With the help of a local realtor who locates them in a village unofficially named Los Angeles and who turns out to be a Dodger fan and aided by the natural gentle hospitality of the local people Columbus abused five centuries before, Chez Genovese takes shape from the ground up with Edenic simplicity, and the Columbus poem, which we have fragmentarily seen through the novel, proceeds.

It is at this point that the reader had best discover for himself how Parini succeeds in bringing together the Hispanic and single-minded cruelty of the Columbus voyages with the continuing dissatisfaction and self-destructive idealism of a newly liberated poet and makes each convincing in the other`s terms.

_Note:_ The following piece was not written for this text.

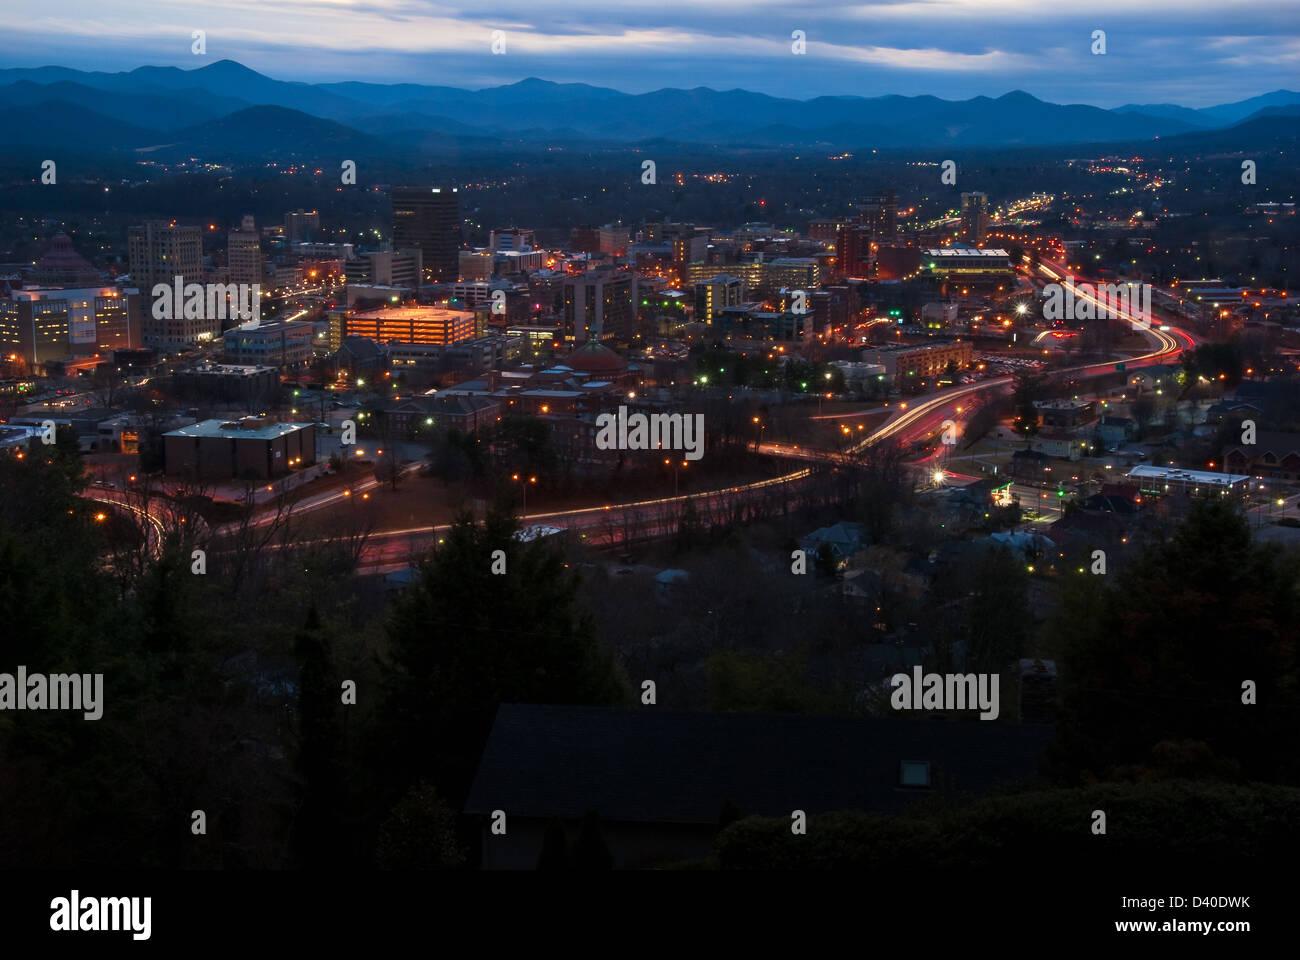 Asheville, North Carolina cityscape and mountain skyline at late dusk. - Stock Image

Parini, as ”The Last Station” demonstrated, is very good at showing how an artist or visionary can be at once idealistic, mundane and incompetently avaricious. (Geno is the only person in the U.S. to have lost money in real estate during the 1980s, and he dreams of acquiring penny stocks in Andes gold mines as Columbus lusts after gold in the Indies.)

Columbus comes to a just and funny end in the prose narrative, and a more celestial one in the poetic ”Masque: Columbus at the Gates of Heaven” that ends the book with a debate in verse among God, Noam Chomsky, Samuel Eliot Morison, Columbus and assorted others, where he is assigned by God a fate fit for us all:

”I shall let you try it all again,/ my Christo-ferens. Go back home./. . . . (I hope,/ as always, for a kindly soul to catch/ the fire of its redemption, to give up the search/ for Something Better, to relinquish all.)/ Begin with nothing and with nothing end.”